ЮЛИЯ САМОЙЛОВА СТАЛА БОЛЬШИМ РАЗОЧАРОВАНИЕМ ДЛЯ МЕРАБОВОЙ. ФОТО: LEGION-MEDIA.RU
— Вы своих одноклассников как-то сравнили с золотой молодёжью из фильма «Курьер».
— Так и было.
— А что было у Ваших одноклассников, чего не было у Вас?
— У меня вообще-то было всё. Я родилась в семье, в которой были картины Айвазовского, других известных художников. Я с этим родилась. Потом, уже в 90-х, нас обокрали, и уже ничего этого нет. Но ничего страшного — Бог дал, Бог взял.
— Давайте вернёмся к этой истории с ограблением. Как это случилось?

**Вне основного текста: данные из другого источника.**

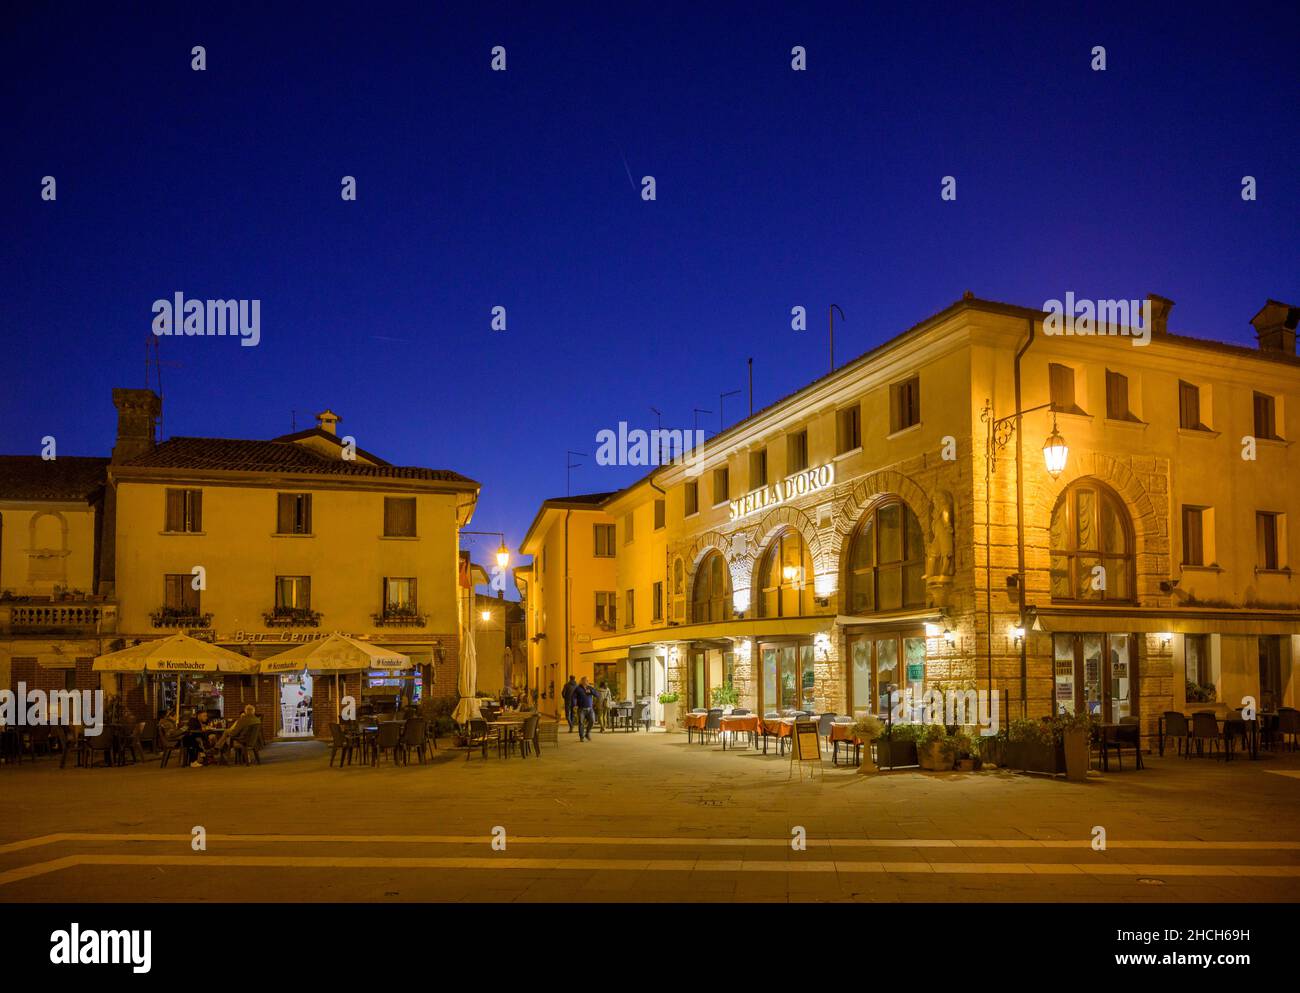 Evening shot from the square at Torre Millenaria, Marano Lagunare, province of Udine, Italy Stock Photo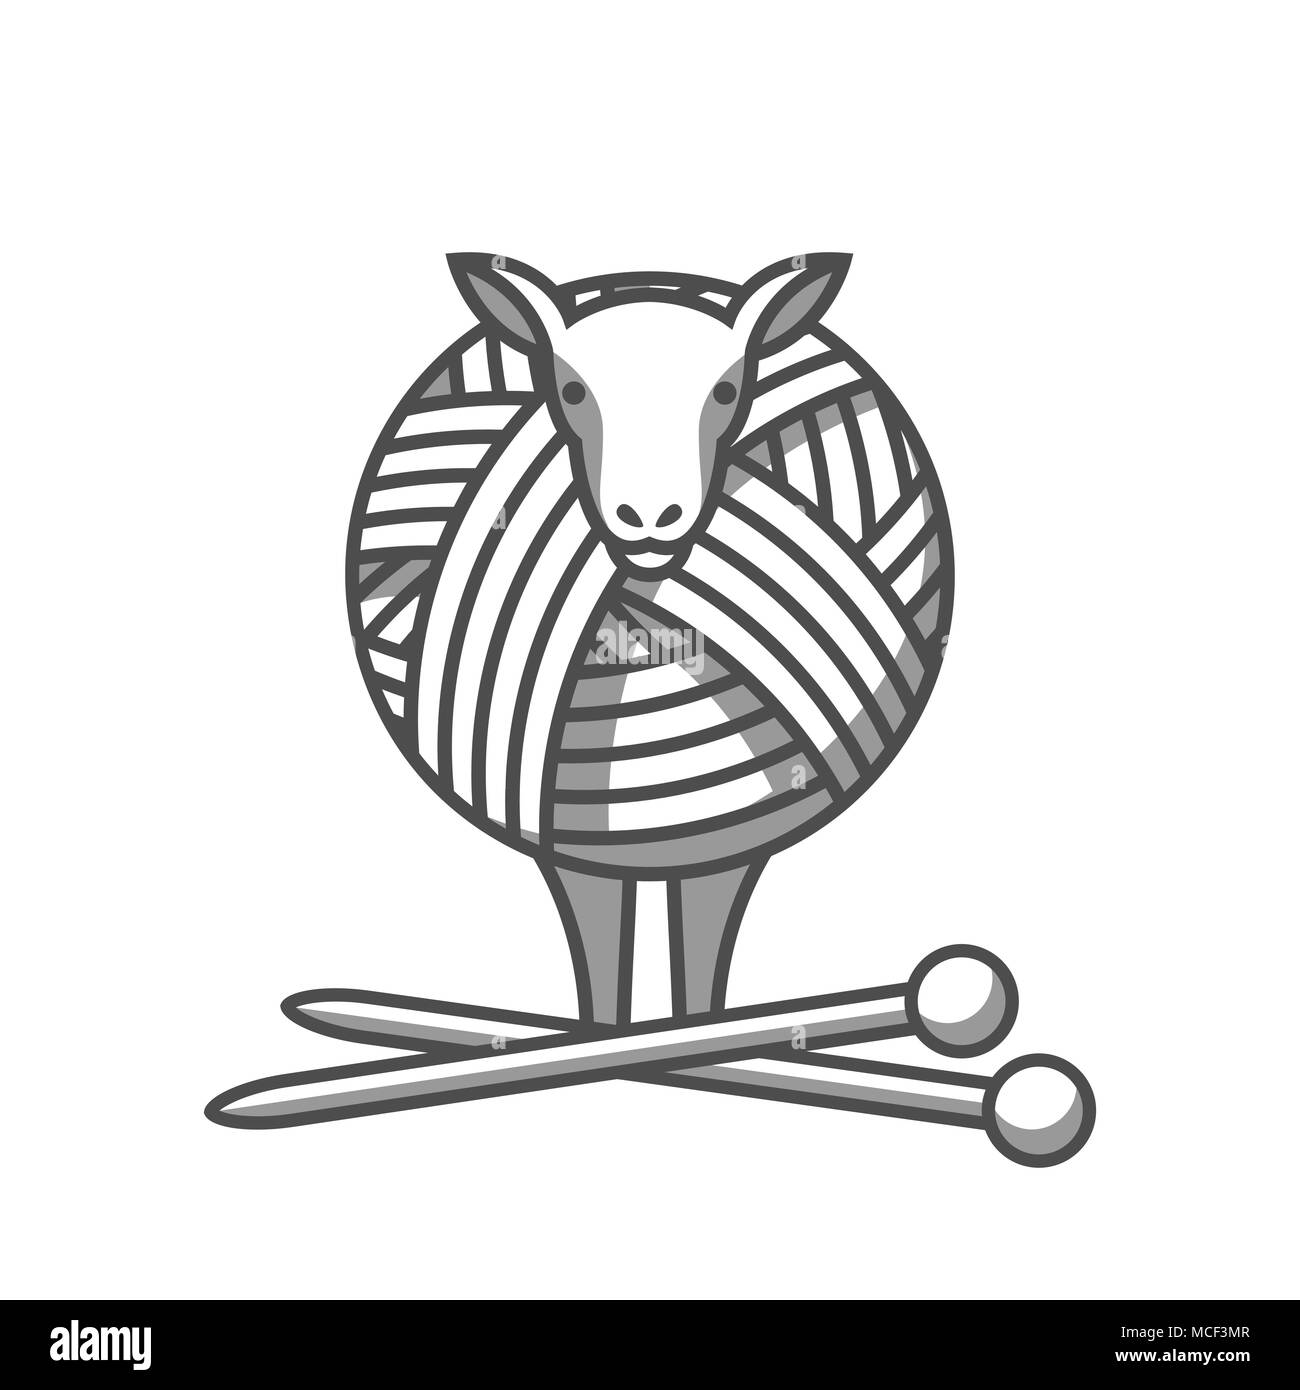 Wool emblem with sheep, tangle of yarn and knitting needles. Label for hand made, knitting or tailor shop Stock Vector

— Я всегда была очень доверчивым человеком. Ну дура дурой. Это с одной стороны, а с другой — мы же думаем о людях через свою призму. То есть если я так не делаю, то, значит, и другой так не сделает. Позже я поняла, что это не так. Однажды, это было в 90-е, позвонили в дверь, открываю, стоят два парня: «Привет, мы от Ирки! Ирка просила тебе передать, не может до тебя дозвониться!» Речь шла вроде о какой-то книге. «Ну, проходите», — говорю. Я кавказская девочка, гостеприимная. Чай предлагаю. В общем, познакомились, всё хорошо. Пока мы пили чай, у нас что-то случилось с телефоном. Парни говорят: «Слушай, мы принесём тебе новый телефон». — «Ой как здорово, принесите, я куплю!» — «Да не надо, так принесём». Пришли второй раз. И когда они принесли телефон, это и произошло. Я какую-то внутреннюю тревогу почувствовала. Думаю, надо уже выпроваживать. Разворачиваюсь — и в этот момент меня бьют по голове. Я это состояние никогда не забуду. Момент после удара и до падения на пол — как будто я в пикселях рассыпаюсь. Боли нет, но ты рассыпаешься. Когда очнулась, поняла, что случилось что-то очень плохое. Меня волокут в комнату, бросают на кровать, завязывают руки и начинают снимать картины. Я это всё слышу, но делаю вид, что потеряла сознание. Они подходят и на до мной разговаривают: «Ну, чё с ней делать? Давай завалим одеялами, задохнётся так задохнётся». Короче, навалили на меня всего. У меня сердцебиение было страшное, сердце словно где-то в горле билось — бум, бум. И у меня скотч на руках лопнул, думаю, не дай Бог увидят… Когда они вышли, я вскочила и закрыла дверь. Позвонила в милицию. Милиция приезжает, мама, видят всё это…
— Преступников не нашли?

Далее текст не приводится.